# About this exercise
Quote the entries below from the line with "Sustainable Socks - Bombas" through the line with "PANTONE 18-1015 TCX - Shitake", both ends included, and only those lines.

# Exercise materials
- Opening Delimiter -

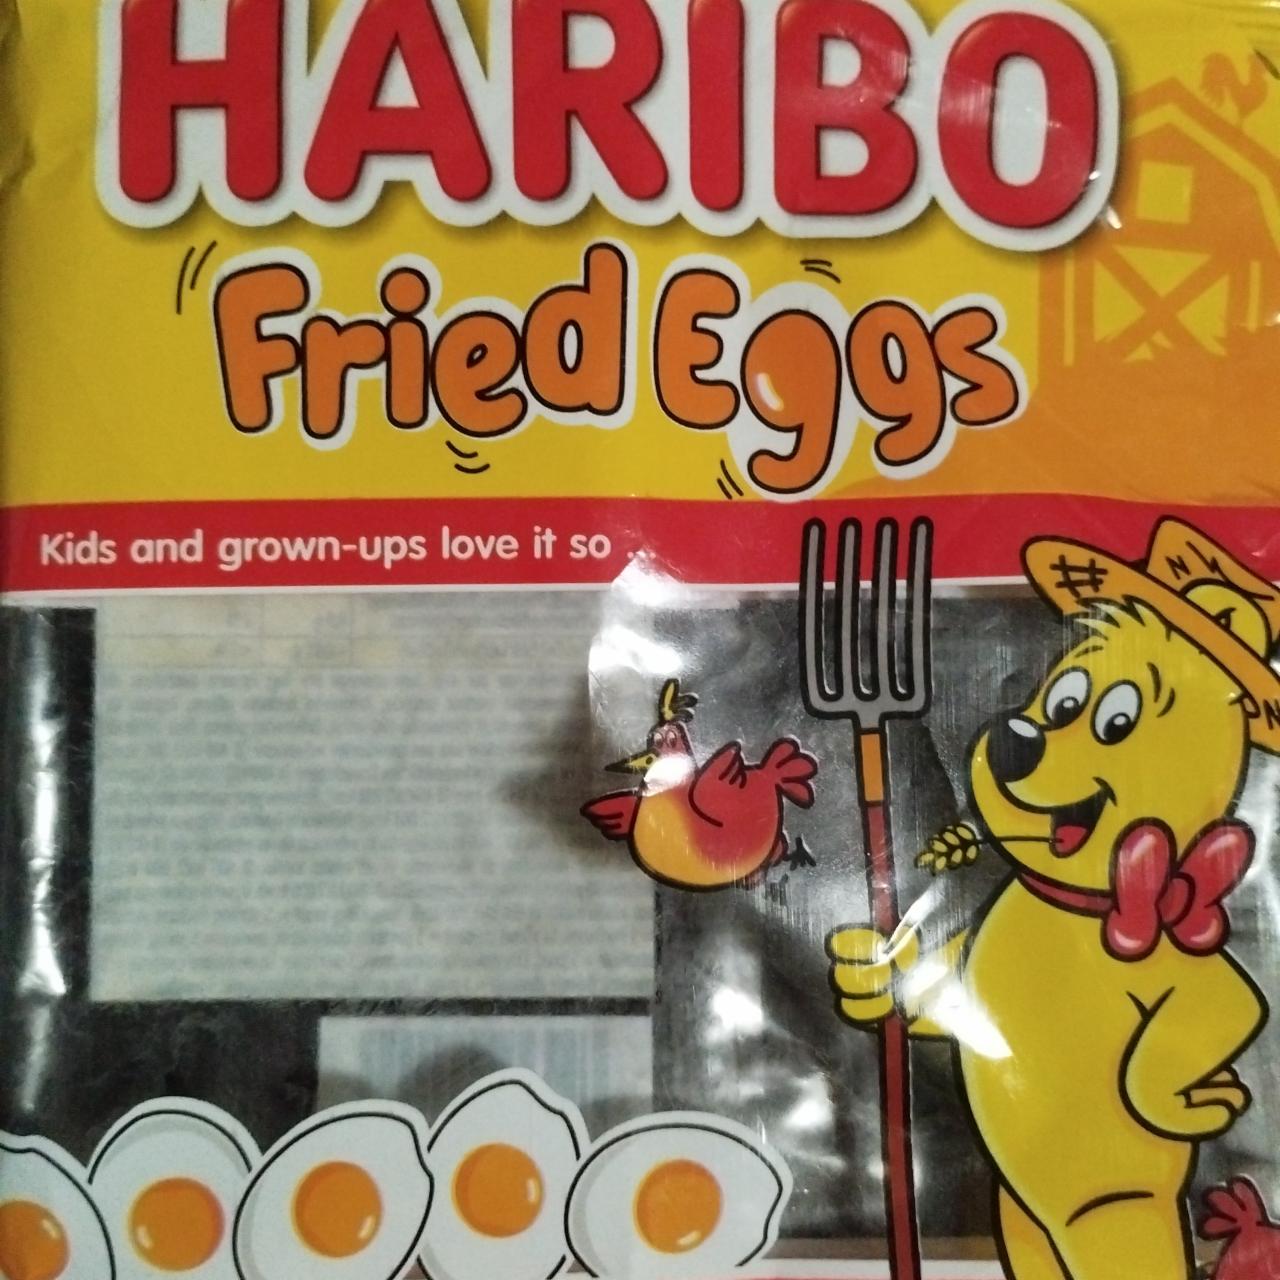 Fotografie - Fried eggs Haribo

- Closing Delimiter -
- Opening Delimiter -

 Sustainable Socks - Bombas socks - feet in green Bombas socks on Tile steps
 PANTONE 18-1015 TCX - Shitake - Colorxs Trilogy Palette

- Closing Delimiter -

# Output below
 Sustainable Socks - Bombas socks - feet in green Bombas socks on Tile steps
 PANTONE 18-1015 TCX - Shitake - Colorxs Trilogy Palette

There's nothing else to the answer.